---- DATA SUPPLIED
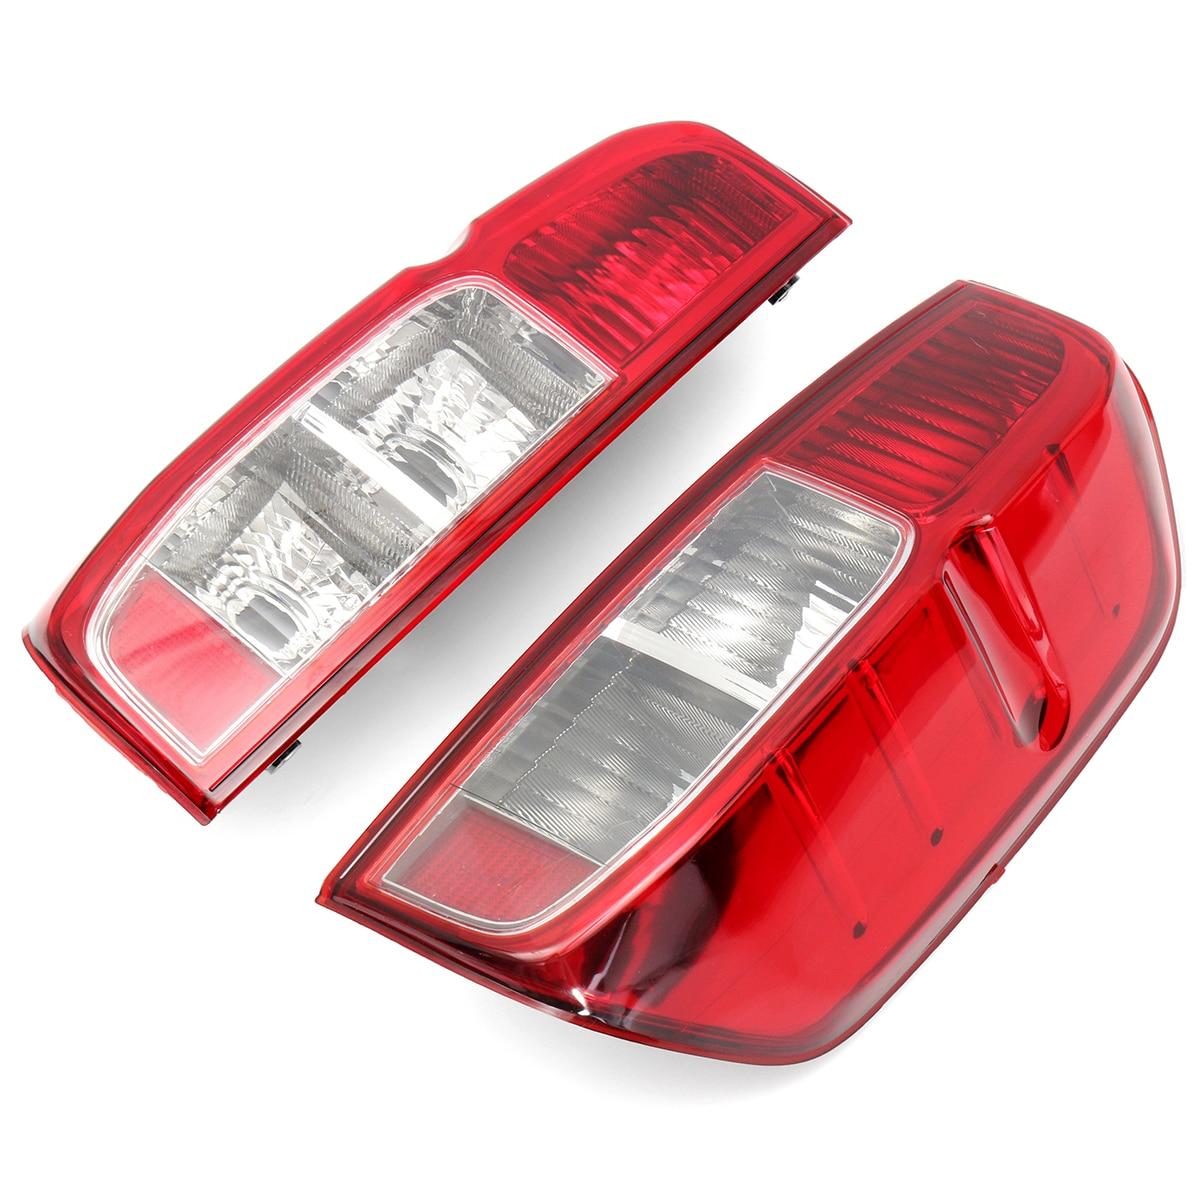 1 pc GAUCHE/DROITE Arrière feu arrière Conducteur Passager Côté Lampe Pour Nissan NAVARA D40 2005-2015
--------
---- DATA SUPPLIED
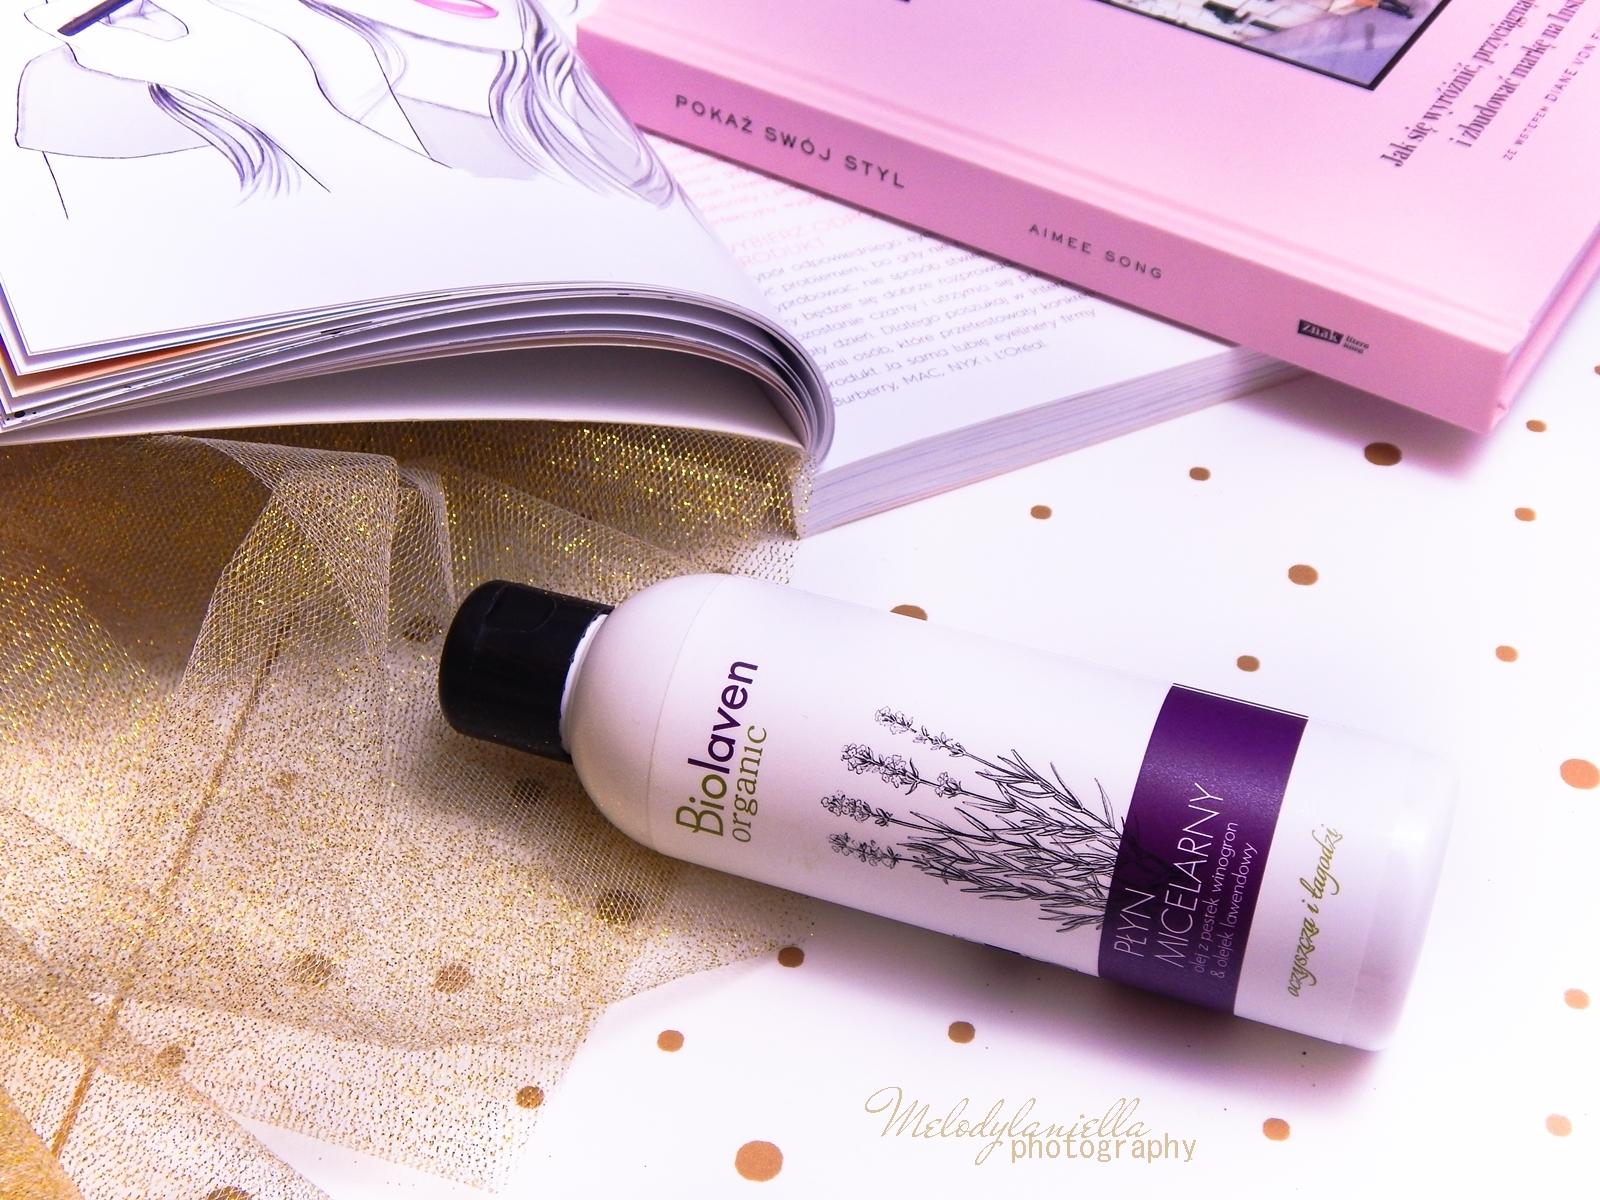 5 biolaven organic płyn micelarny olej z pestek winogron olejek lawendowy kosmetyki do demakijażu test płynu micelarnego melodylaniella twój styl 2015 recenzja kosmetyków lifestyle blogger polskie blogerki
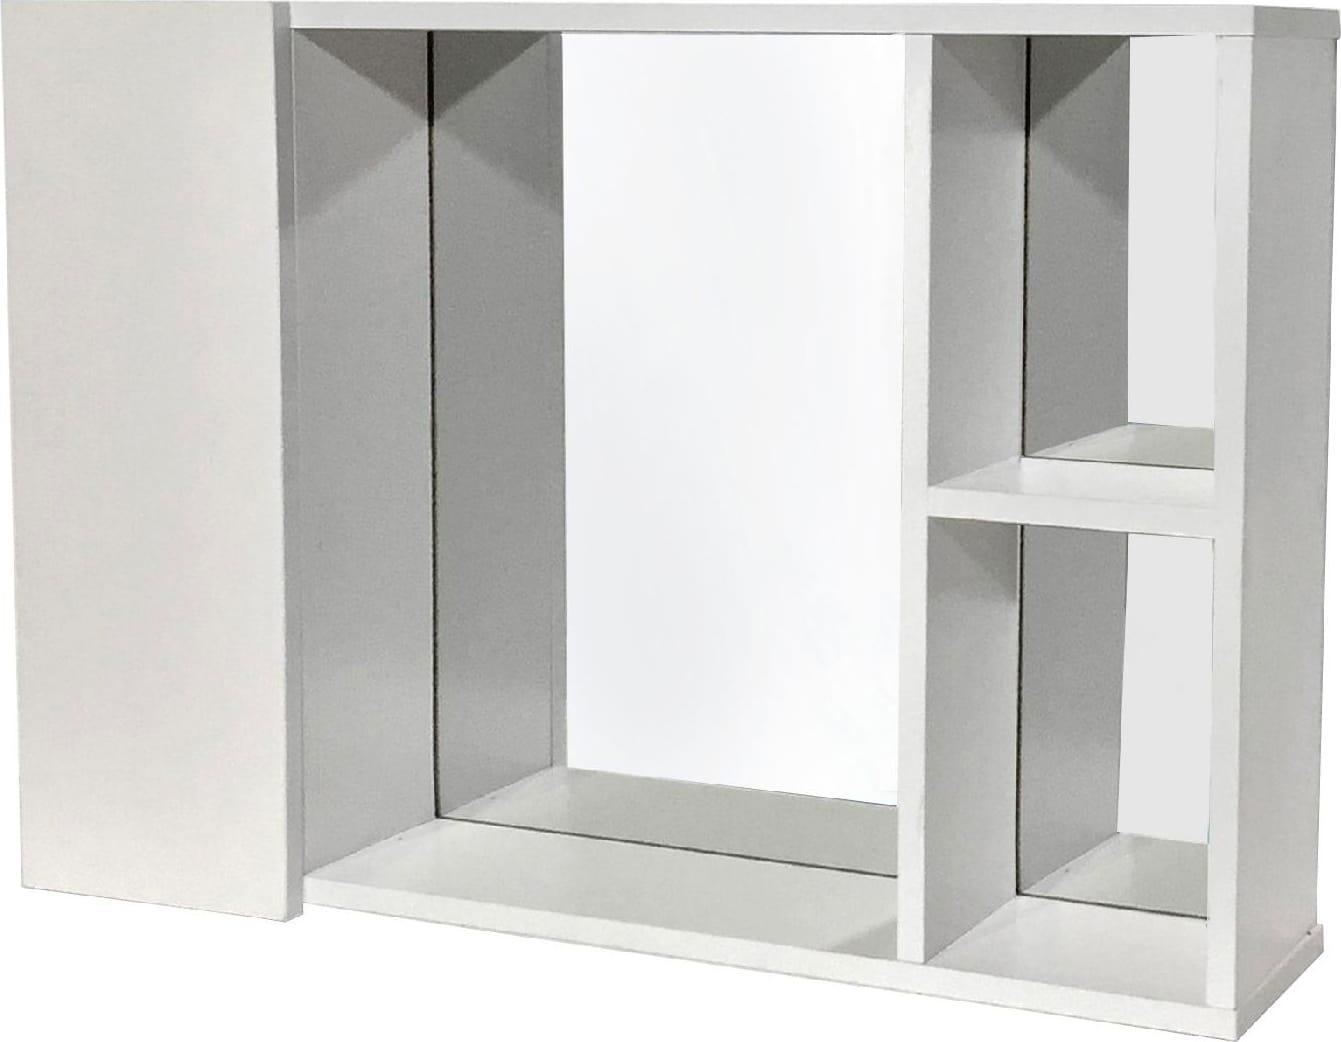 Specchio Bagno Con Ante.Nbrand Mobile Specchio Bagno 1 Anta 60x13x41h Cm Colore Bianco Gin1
--------
- **EXERCISE REQUIREMENTS**
Each line above starting at the one holding "5 biolaven organic" and ending at the one holding "Specchio Bagno Con" should be set down exactly as it stands, both ends included, with no pictures.

- **TASK RESULT**
 5 biolaven organic płyn micelarny olej z pestek winogron olejek lawendowy kosmetyki do demakijażu test płynu micelarnego melodylaniella twój styl 2015 recenzja kosmetyków lifestyle blogger polskie blogerki
 Specchio Bagno Con Ante.Nbrand Mobile Specchio Bagno 1 Anta 60x13x41h Cm Colore Bianco Gin1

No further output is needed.